Q. What policies and/or employee benefits do you have in place to support working families?

A. “We have range of policies to help support our working families and a host of benefits for all our people,” says Kilshaw.

“This includes enhanced maternity/paternity pay, enhanced adoption leave provision for surrogate parents, grandparents or kinship carers, parental leave available to foster carers, paid time off for people undergoing fertility treatment and a host of advice and support materials available covering adoption, IVF, surrogacy and fostering. We also have resources and support for parents of children with a disability.

“We have a specific carers’ leave policy and as part of that, we offer half a day paid time off for dependent care, as well as transition support for mothers, fathers, carers and their managers.

“We support our people’s wellbeing and in a bid to prevent burnout, we have mental health first aiders within the business and offer our people access to a new digital GP service.

Q. How do you ensure consistency of support for working parents across the organisation?

A. “To ensure consistency of support, we use our internal communications channels to communicate regularly about flexibility and work-life balance, including from the senior team, on a range of topics such as working from home with a family, menopause support and flexible and agile working during COVID-19.

“Yammer is a useful social tool where our colleagues can join groups, discuss issues and share knowledge, staying connected to what’s happening across the business and what support is available.

“We also provide a multitude of information on our intranet, for example we have a menopause hub to provide access to support groups, workshops, resources and toolkits; and we have an LGBT hub with information on same sex adoption/parenting.

“In recent months we have had a focus on mental health and wellbeing, in light of the increase in home working, to ensure our colleagues are aware of the support available, ensuring a healthy work-life balance,” adds Kilshaw.

Q. What has been the impact of your family-friendly policies on employees?

A. “Our approach to family-friendly policies means that a significant amount of our staff can work from home full-time or on an adhoc basis as and when they need to.

“The results of our employee satisfaction survey provide an extremely favourable percentage of our people who are satisfied with the working life and culture of our business,” explains Kilshaw.

Q. How has coronavirus impacted your family-friendly approach?

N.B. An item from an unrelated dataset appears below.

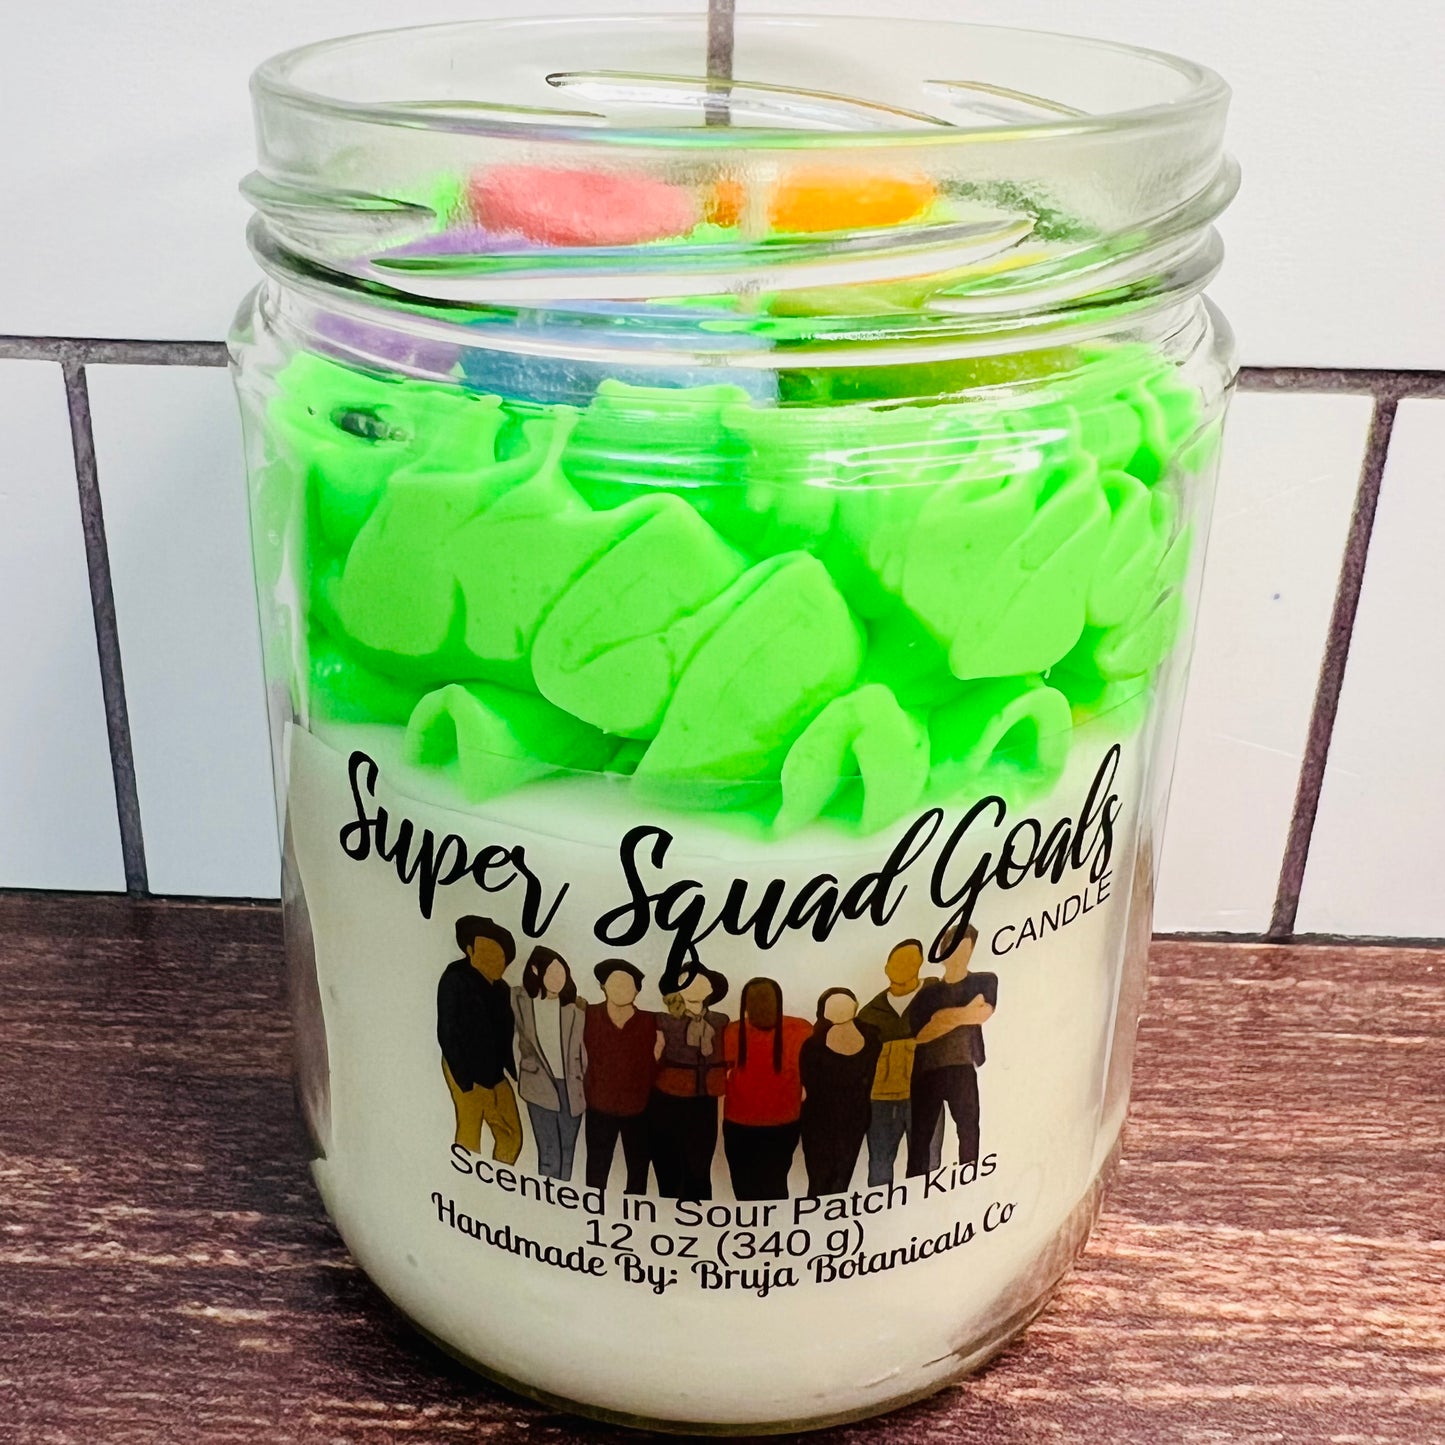 Super Squad Goals Whipped Candle (TVD inspired)
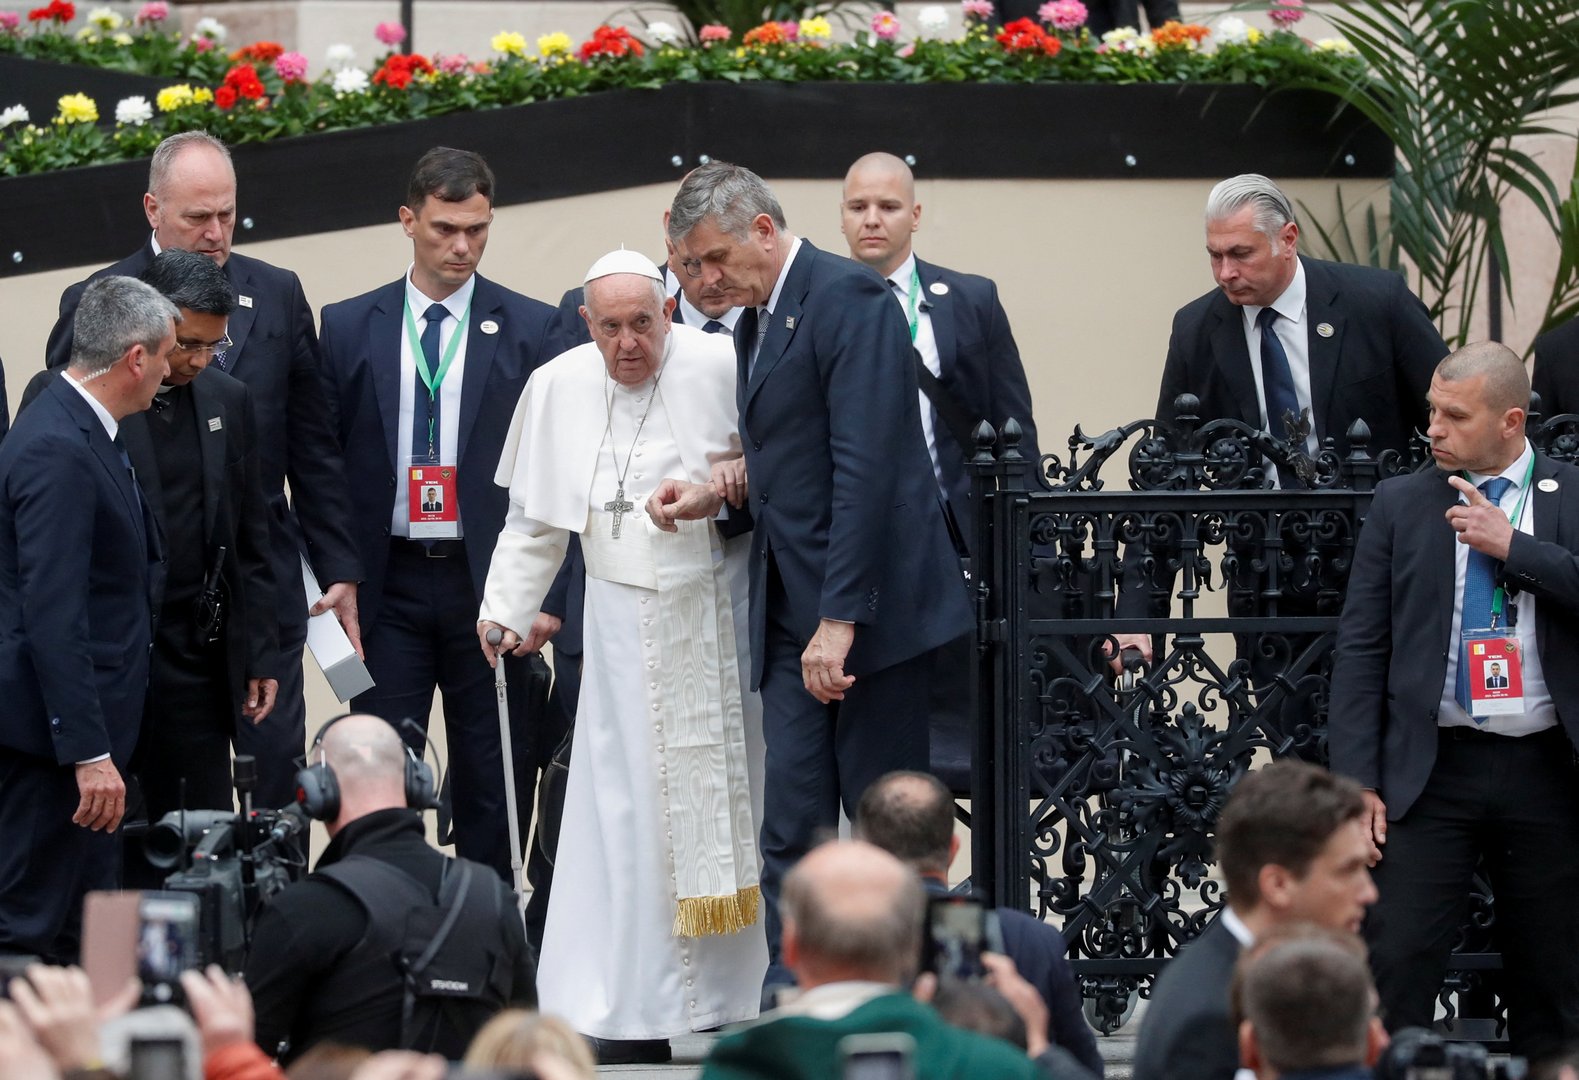 image Pope Francis in Hungary, warns of rising nationalism in Europe

Have you had to put in place special measures to provide extra support?

A. “When the pandemic hit the UK in late March 2020, we had to adapt quickly to ensure our people could work remotely without disruption to the business. Luckily, as an already-agile business, we were perfectly placed to deliver this effectively and efficiently.

"Currently, an extremely high number of our colleagues work from home, with flexible start/finish times and many work flexibly in different ways, including working part-time,” explains Kilshaw.

“Working parent groups have been created in offices where colleagues find them valuable and meetings and distribution lists were set up to exchange ideas.

“We openly acknowledged that caring for children and loved ones was something colleagues would need to focus on and that we would be flexible in relation to this so nobody felt uncomfortable raising it with their line manager. Colleagues who requested unpaid leave had their request approved if it was on the basis of childcare or other caring responsibilities.”

Q. Looking ahead, do you have any further plans for your family-friendly policies?

A. “We’re constantly looking to increase our support for working families and are due to launch our well-being strategy. We recognise the need to support our people further and review our policies on a regular basis,” concludes Kilshaw.